Write the data out again exactly, dropping any images it holds.

### Information shown

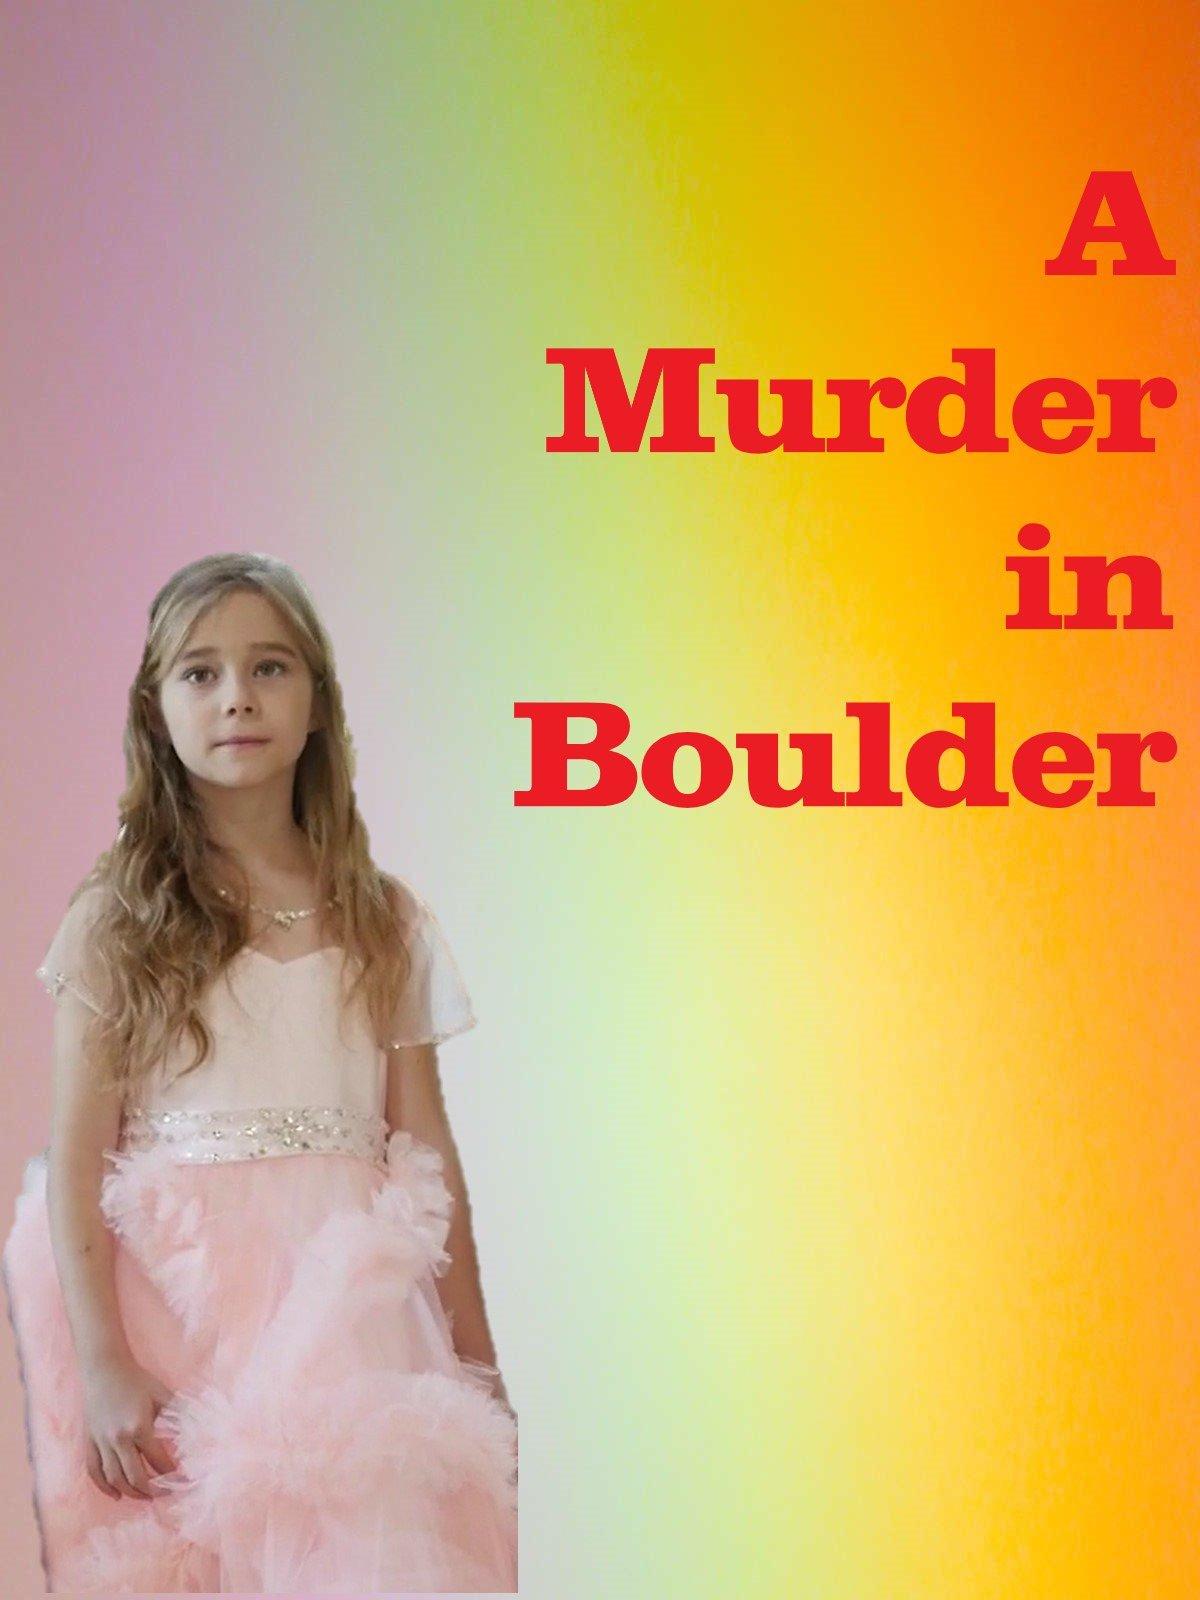 A Murder in Boulder
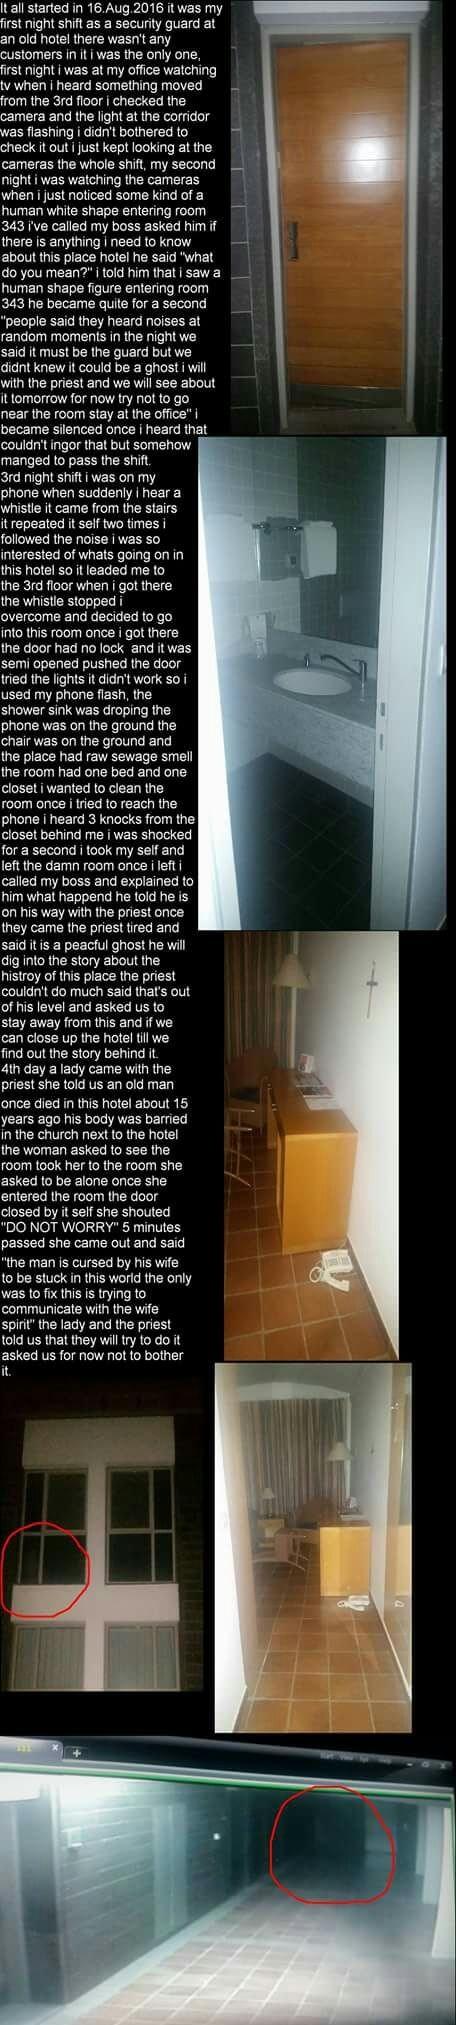 The full story
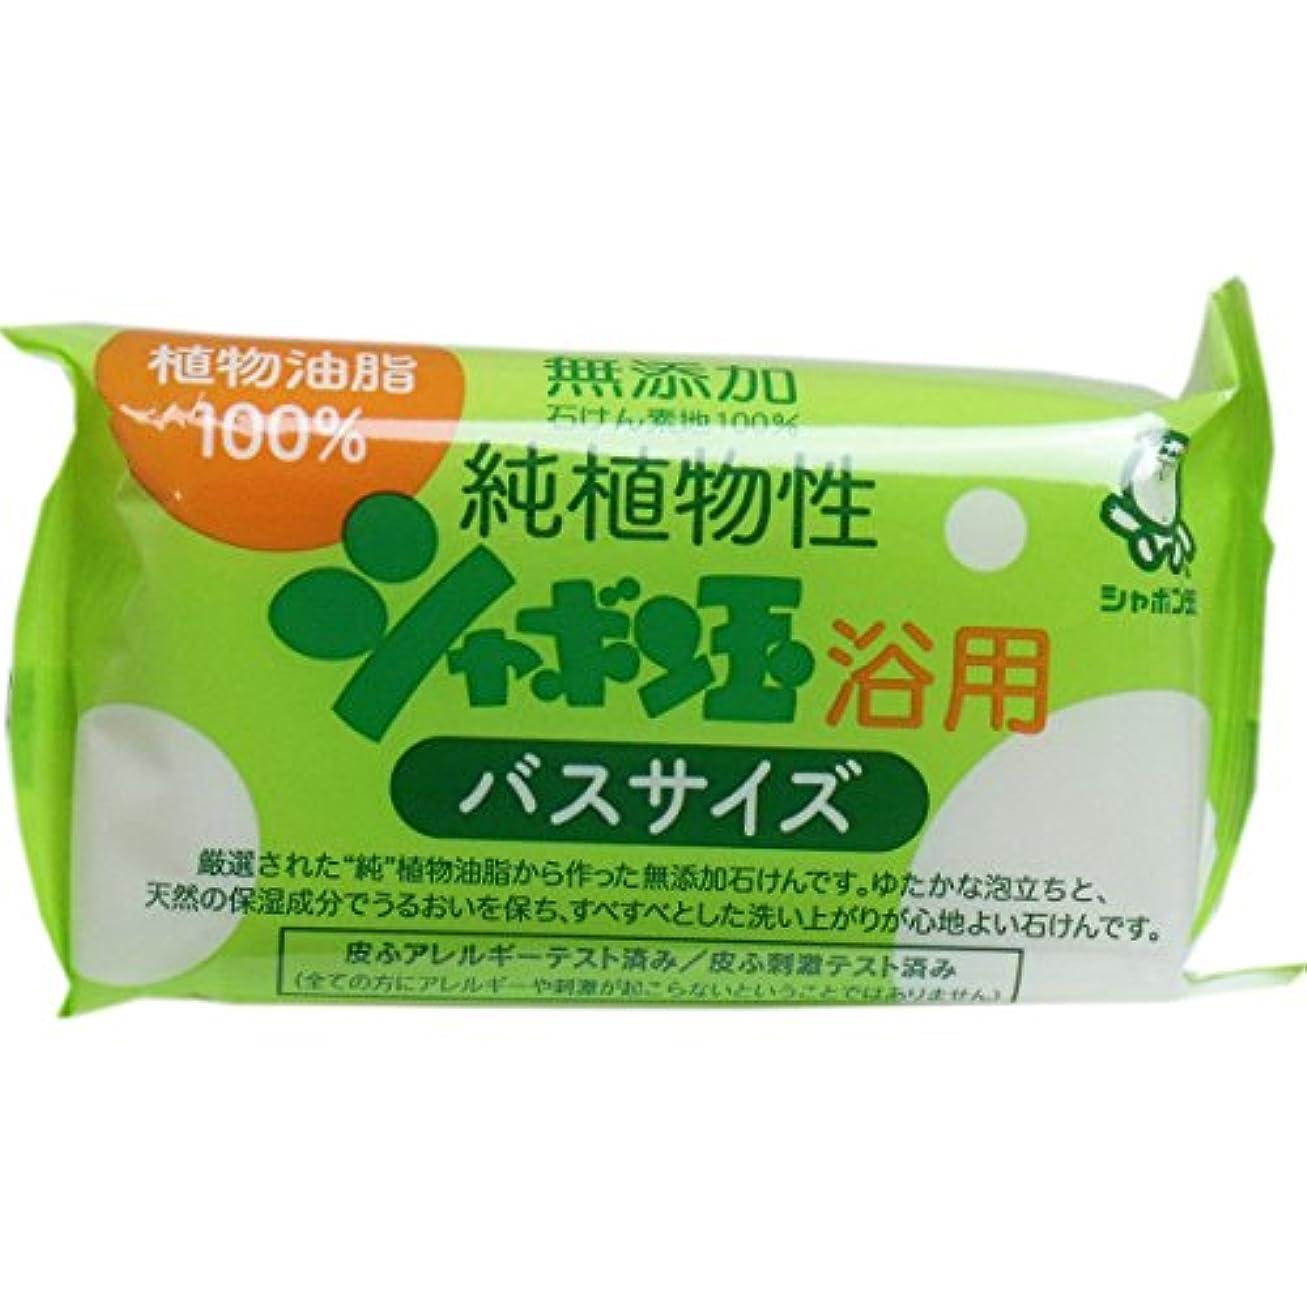 温かい十代芸術的無添加 シャボン玉 純植物性浴用石けん バスサイズ 155g(無添加石鹸)

######

= Result of the exercise =
 A Murder in Boulder
 The full story
 温かい十代芸術的無添加 シャボン玉 純植物性浴用石けん バスサイズ 155g(無添加石鹸)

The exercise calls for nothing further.